De algebraïsche uitdrukkingen het zijn wiskundige termen die cijfers en letters bevatten. In combinatie met de symbolen van wiskundige bewerkingen, maken ze het mogelijk om formules of vergelijkingen te verkrijgen uit beschrijvingen die in woorden zijn gemaakt.
Deze letters kunnen op hun beurt worden opgeteld, afgetrokken, vermenigvuldigd of gedeeld door andere getallen, die expliciet kunnen zijn of ook kunnen worden weergegeven door letters..
Artikel index
Bijvoorbeeld de uitdrukking:
2x + 3
Het is een algebraïsche uitdrukking, waarbij de letter 'x' een getal vertegenwoordigt dat mogelijk onbekend is of dat verschillende waarden kan aannemen.
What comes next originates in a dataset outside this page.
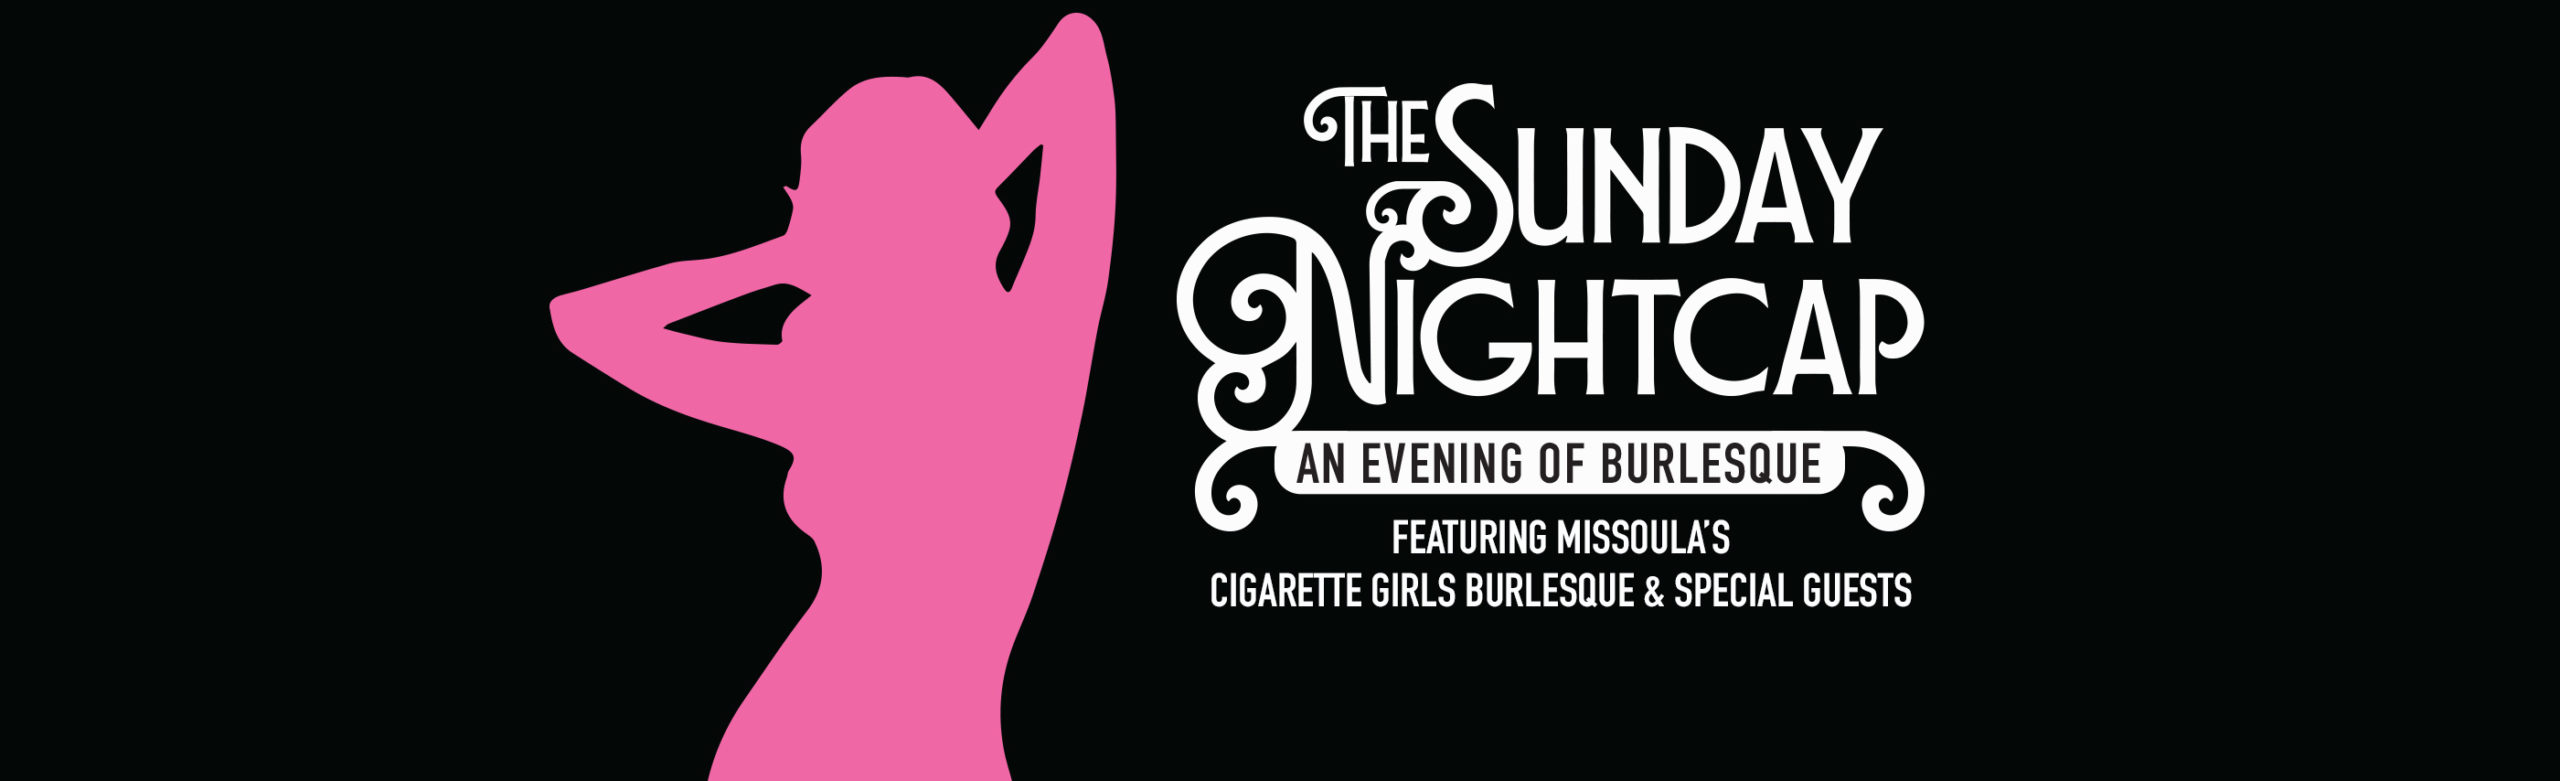 The Sunday Nightcap Burlesque Series Shimmies Its Way Into May at the Top Hat Image

Wat is het voordeel van het gebruik van een algebraïsche uitdrukking in plaats van te zeggen: "tweemaal een getal toegevoegd aan 3"?
Ten eerste neemt de algebraïsche uitdrukking minder ruimte in beslag. En dan, als x geen vast getal is, kunnen verschillende waarden aan de "x" worden gegeven om verschillende resultaten van deze uitdrukking te verkrijgen.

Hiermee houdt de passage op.